Robin Thorne

Personal information
- Full name: Robin Thorne
- Born: 26 March 1966 (age 60) Roma, Queensland, Australia

Playing information
- Position: Wing
Club
| Years | Team | Pld | T | G | FG | P |
| 1988–89 | Canterbury-Bankstown | 38 | 8 | 0 | 0 | 32 |
| 1991–94 | Gold Coast | 44 | 7 | 0 | 0 | 28 |
| 1996 | Western Reds | 1 | 0 | 0 | 0 | 0 |
|  | Total | 83 | 15 | 0 | 0 | 60 |
- Source: As of 1 February 2019

= Robin Thorne =

Australian rugby league footballer

Robin "Robbie" Thorne (born 26 March 1966) is an Australian former professional rugby league footballer who played in the 1980s and 1990s. Thorne primarily played as a winger. The teams he played for at a club level were: the Canterbury-Bankstown Bulldogs (1988−89), the Gold Coast (1991−94), and the Western Reds (1996).

==Background==
Thorne was born in Roma, Queensland.

==Playing career==
Thorne made his first grade debut for Canterbury in Round 4 1988 against Canberra scoring a try in a 22–17 win. Thorne played on the wing for Canterbury in their 1988 NSWRL grand final victory over Balmain.

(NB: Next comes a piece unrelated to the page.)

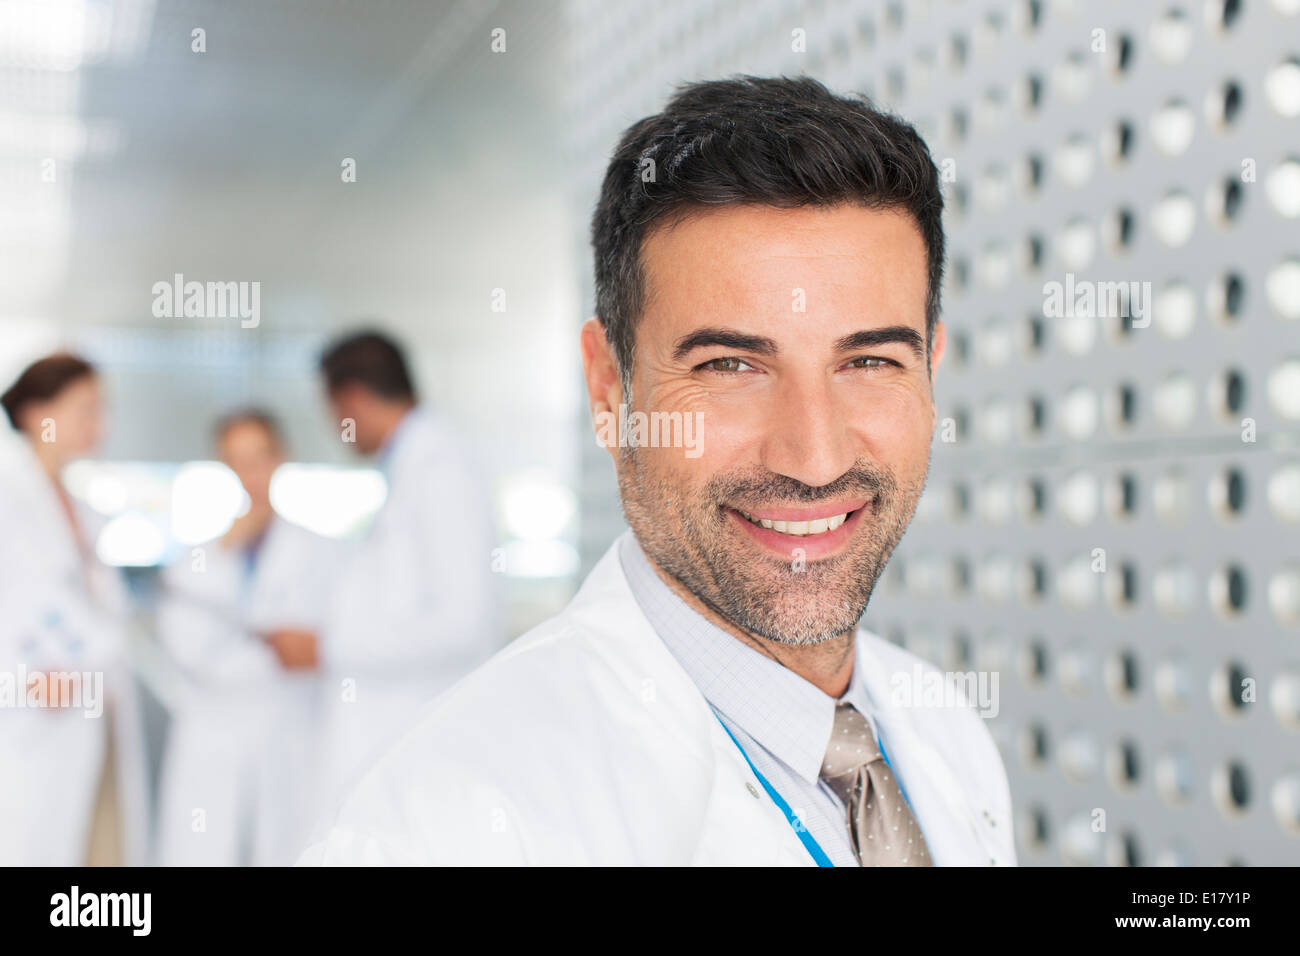 Portrait of smiling doctor Banque D'Images
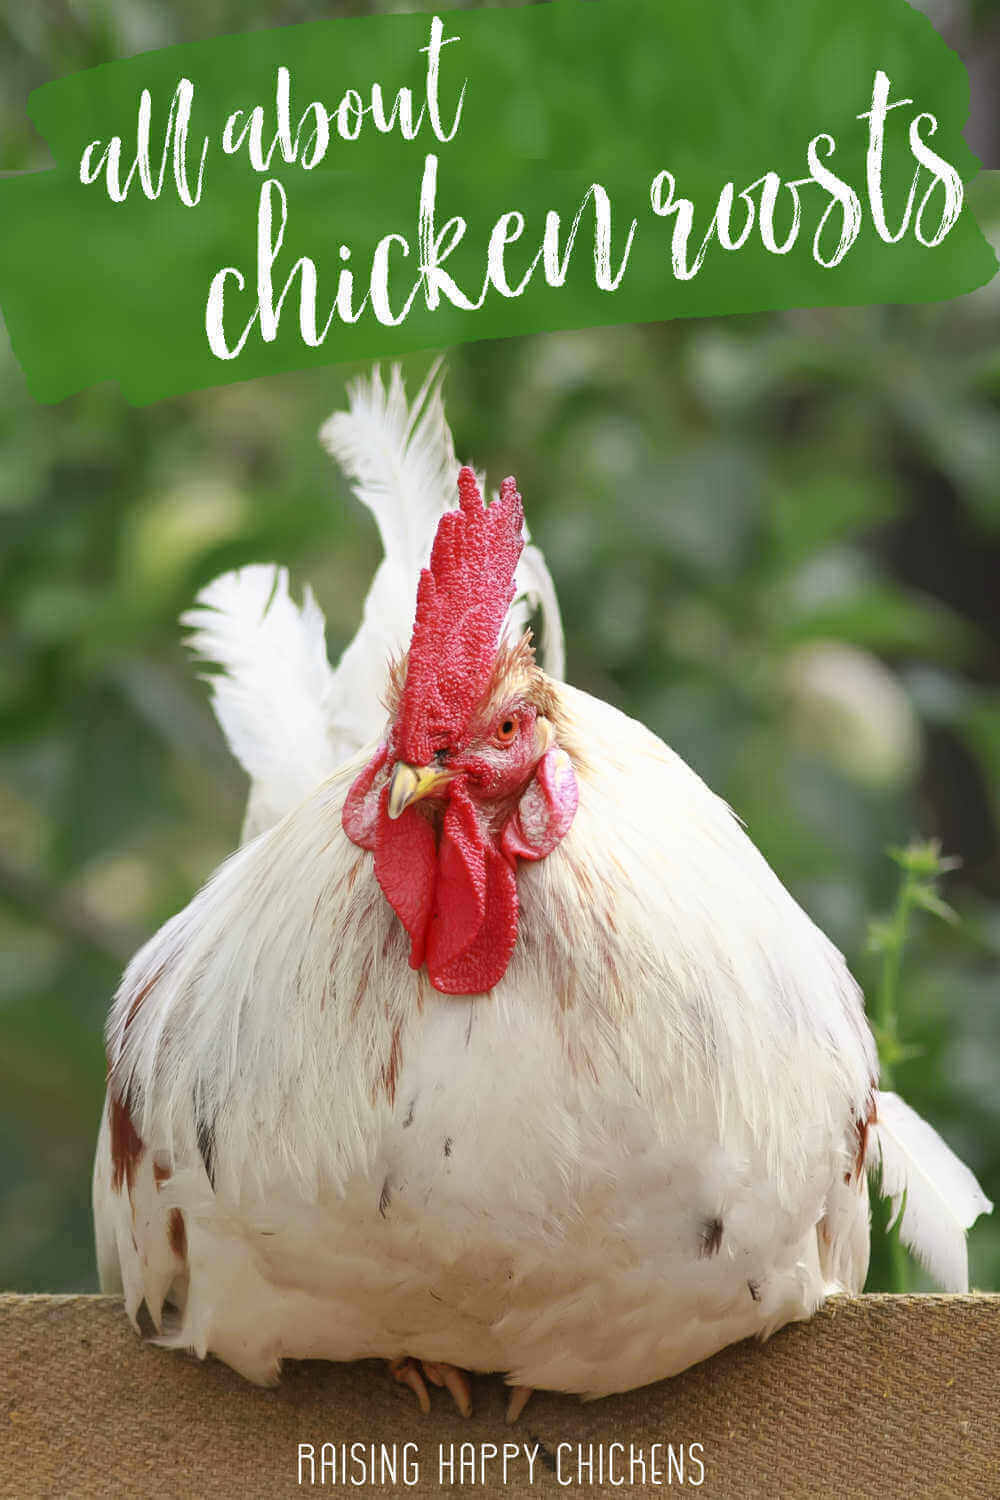 https://www.raising-happy-chickens.com/images/chicken-roost.jpg

In 1991, Thorne joined the Gold Coast and played 4 years there with 3 of those seasons seeing the club finish last on the table claiming the wooden spoon in 1991, 1992 and 1993. In 1996, Thorne joined newly admitted side the Western Reds but only played 1 game for the club which was against Brisbane in Round 9 1996. This would prove to be Thorne's last game in first grade.